In what is now a seller’s market for housing, getting a good deal on a new home can be tough. In many markets, making an offer above the asking price may seem to be the only way to get the home you want.
But that is not necessarily the case. Neither is making a lowball offer and hoping for the best.
There are, however, some tactics you can consider that could improve your chances of getting the home at the best deal you can get.
The experts at Realtor.com have identified seven tactical tips that can improve your negotiating position. Thinking about how you could apply these tricks to your own house hunting raises your chances of getting the best deal you can.
Watch for a “price reduced” property. Most sellers want to sell as quickly as possible. Your agent can tell you how long a house has been on the market and if the price has been lowered by the seller. If the price has been reduced, you’re already part way to getting a good deal.
Sweeten the deal for the seller. Some sellers want out as soon as possible, so an offer to move up the closing date could help. Another seller may want to stay in the house for few weeks, in which case you can negotiate a reduction in price in exchange.
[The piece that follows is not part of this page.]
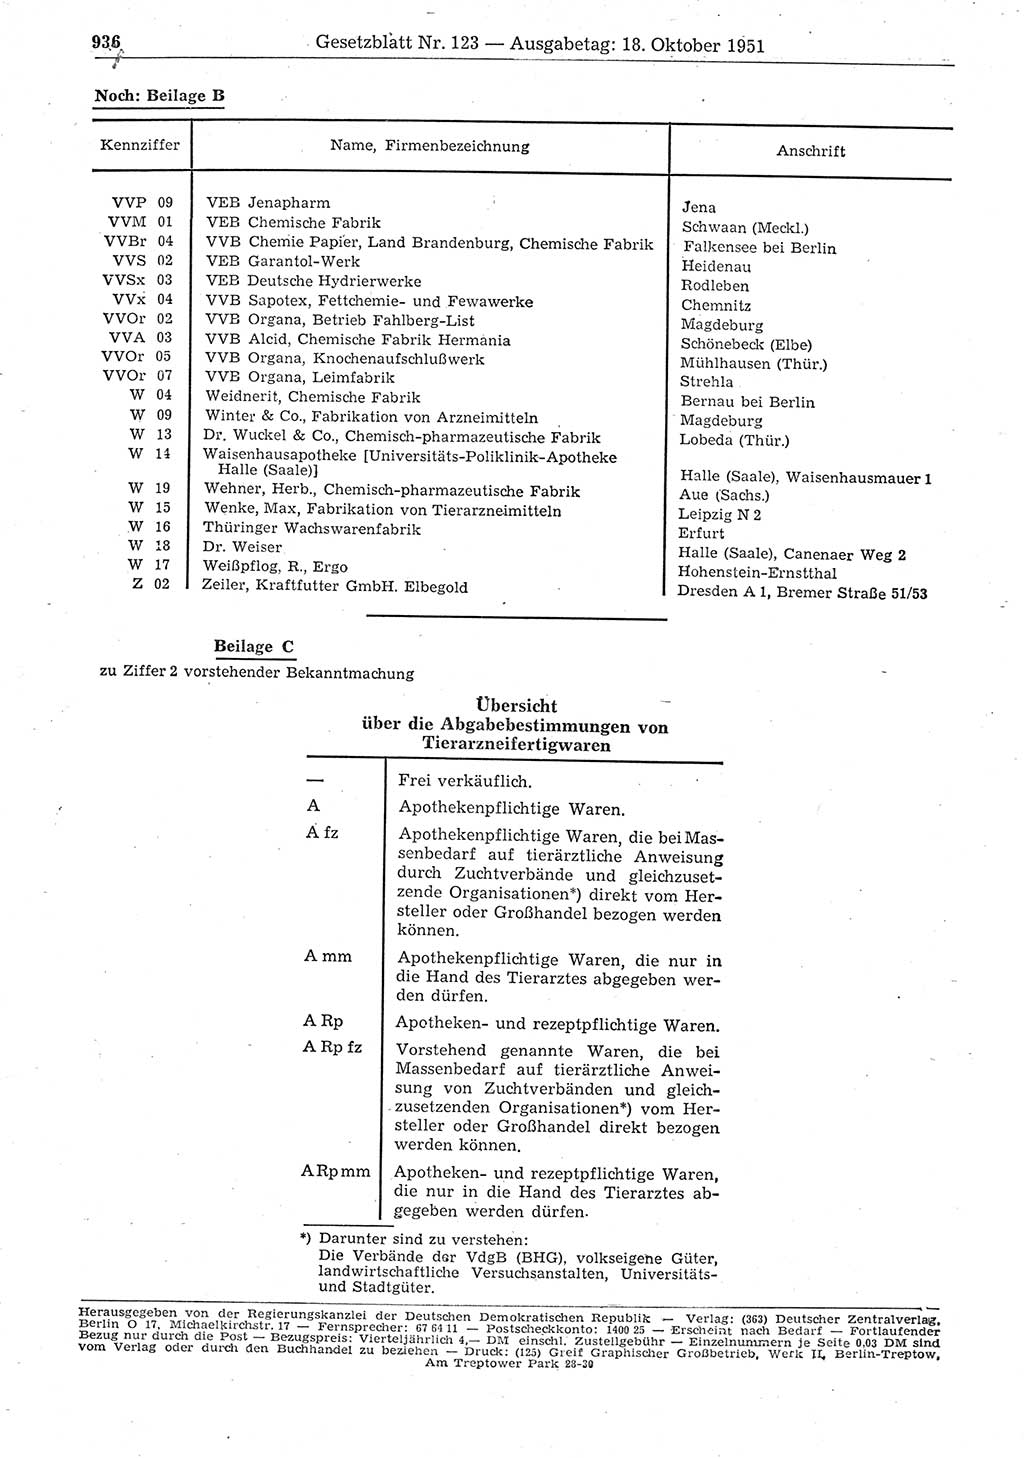 Gesetzblatt (GBl.) der Deutschen Demokratischen Republik (DDR) 1951, Seite 936 (GBl. DDR 1951, S. 936)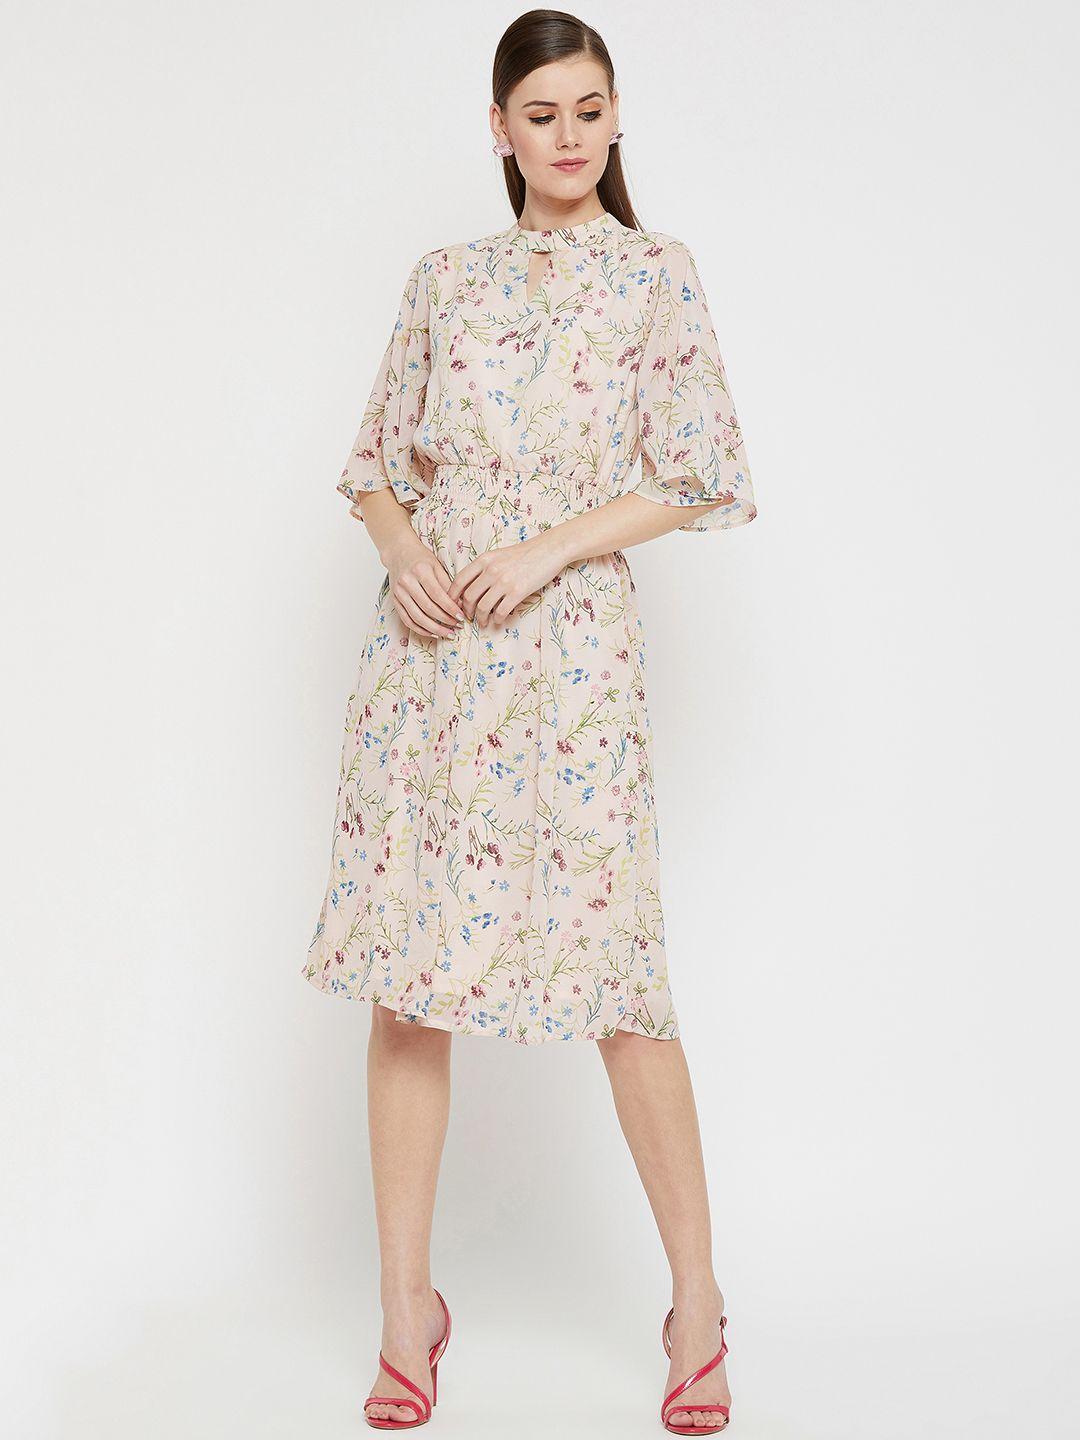 carlton london women off-white floral print drop-waist dress

Look for a kitchen with potential. An unusually ugly kitchen can be a turn-off for most buyers. That usually keeps the house from selling quickly. Look more closely to see what you could do relatively inexpensively to update the kitchen.
Make an all-cash offer. If you can swing this, in exchange for a somewhat lower price, your chances of getting the house you want go way up.
Make a 20% down payment. This may not affect the selling price, but you will save money by not having to pay primary mortgage insurance.
Find a house being sold “as is.” The bargain here is that the sellers already have knocked down the price to account for repairs that have not made. Make sure that the discounted price is at least enough to cover the cost to fix what needs fixing. Just because the house is offered at $20,000 below comparable properties does not mean that $20,000 is enough to bring the house up to snuff.
Shop for your mortgage. Again, the price of the house may not change, but if you shop around and get a mortgage that is even a quarter of a point lower, you’ll save big bucks. A 4.00% interest rate on a $240,000 mortgage loan will cost you about $1,540 a month. A 4.25% rate will cost about $25 a month more. Over 30 years that’s a $9,000 difference.